- [Input data]
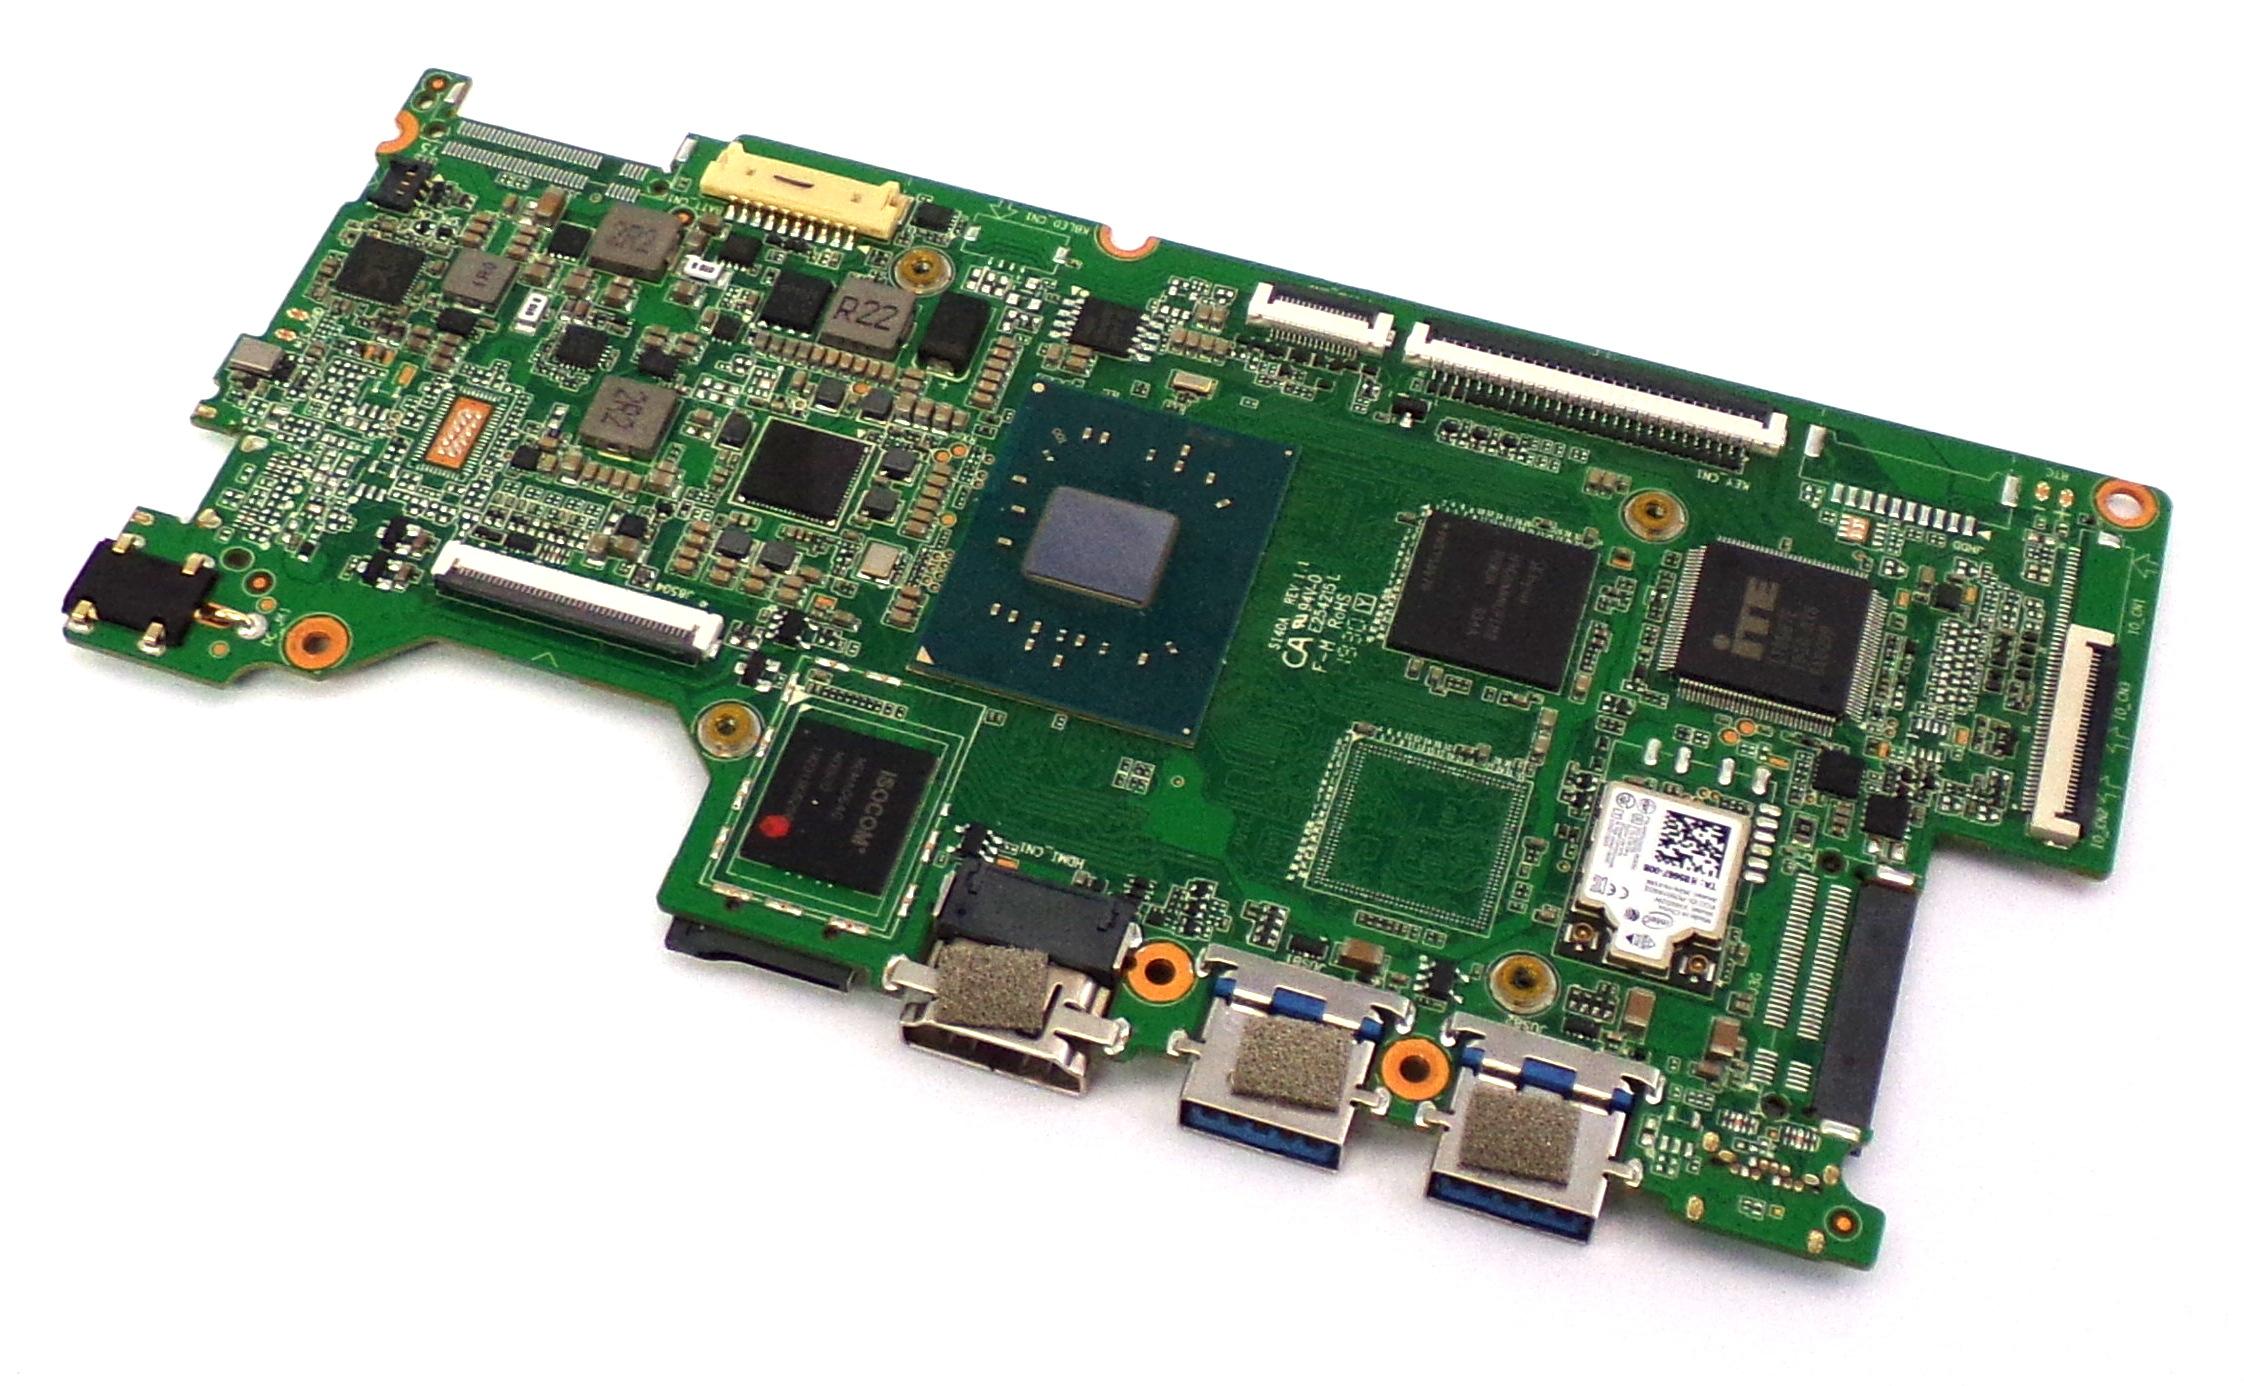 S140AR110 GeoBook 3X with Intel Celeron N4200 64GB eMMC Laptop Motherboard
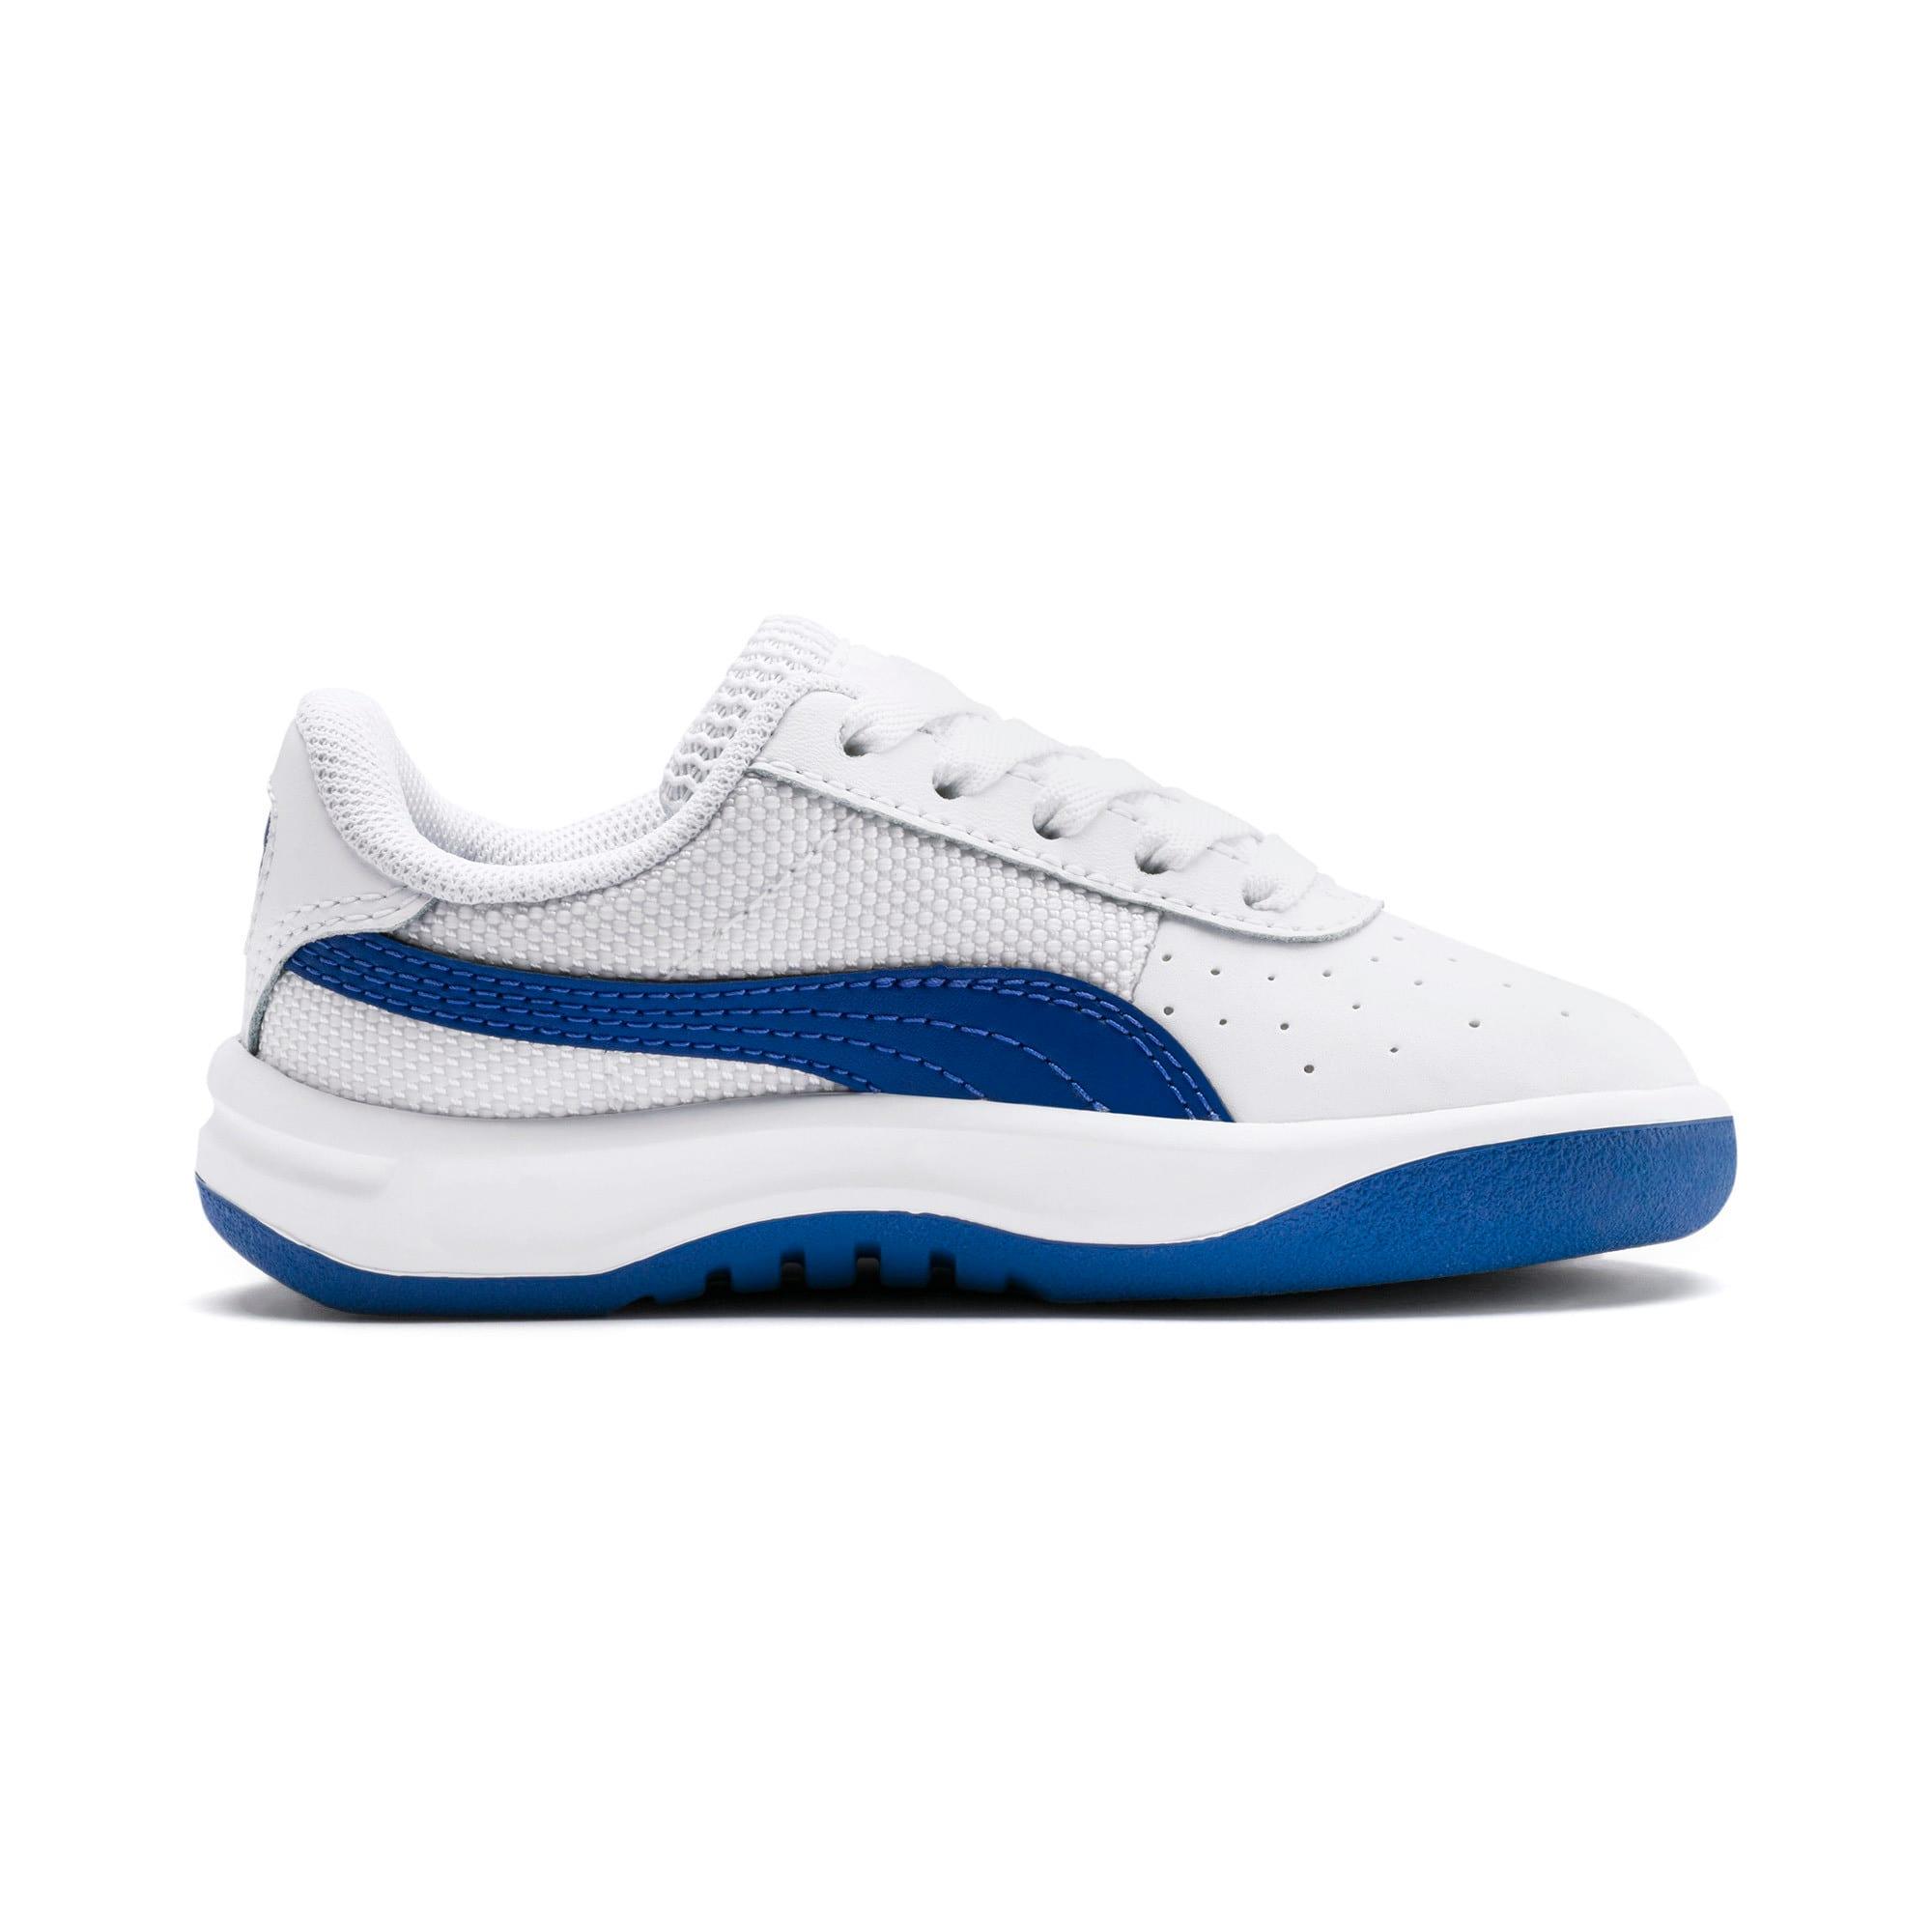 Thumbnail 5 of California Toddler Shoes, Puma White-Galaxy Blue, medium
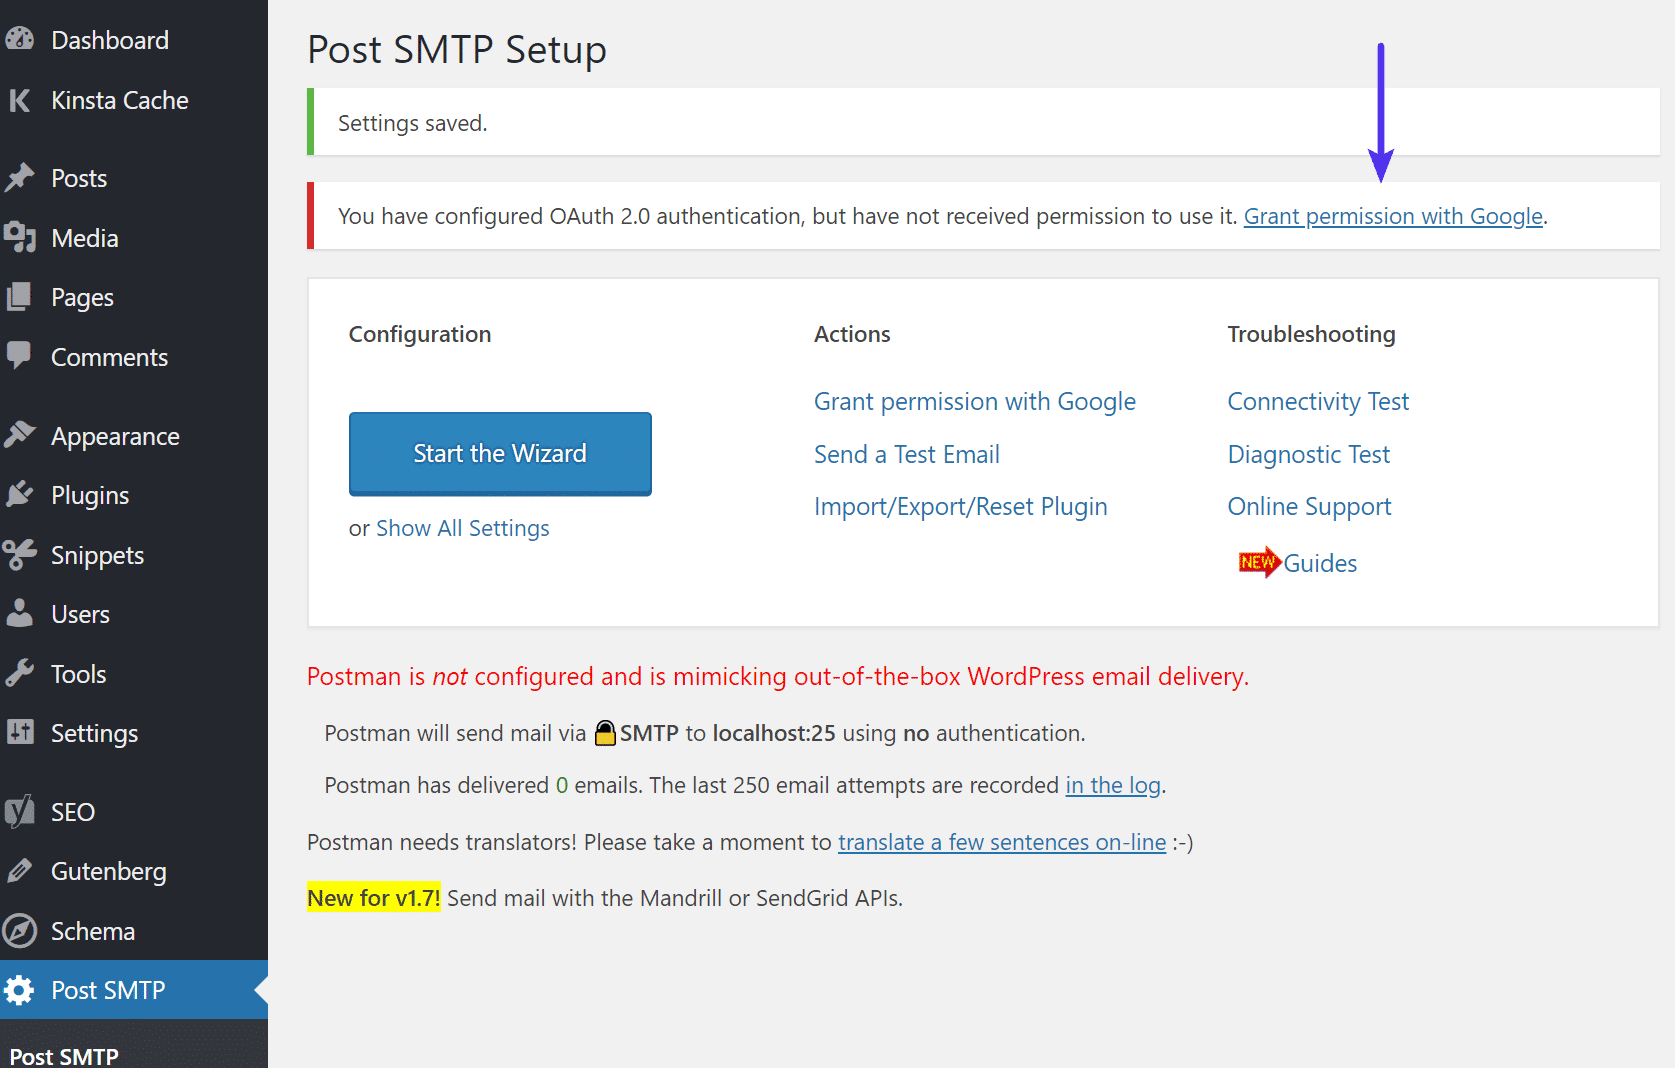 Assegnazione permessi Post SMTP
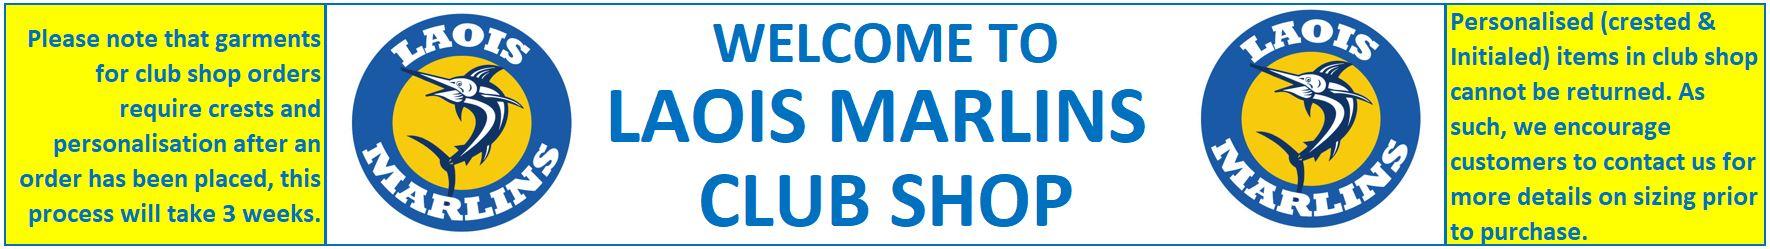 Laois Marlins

- [Goal of the exercise]
Nothing but the text is wanted: repeat the data above exactly, without its images.

- [Expected output]
 S140AR110 GeoBook 3X with Intel Celeron N4200 64GB eMMC Laptop Motherboard
 Thumbnail 5 of California Toddler Shoes, Puma White-Galaxy Blue, medium
 Assegnazione permessi Post SMTP
 Laois Marlins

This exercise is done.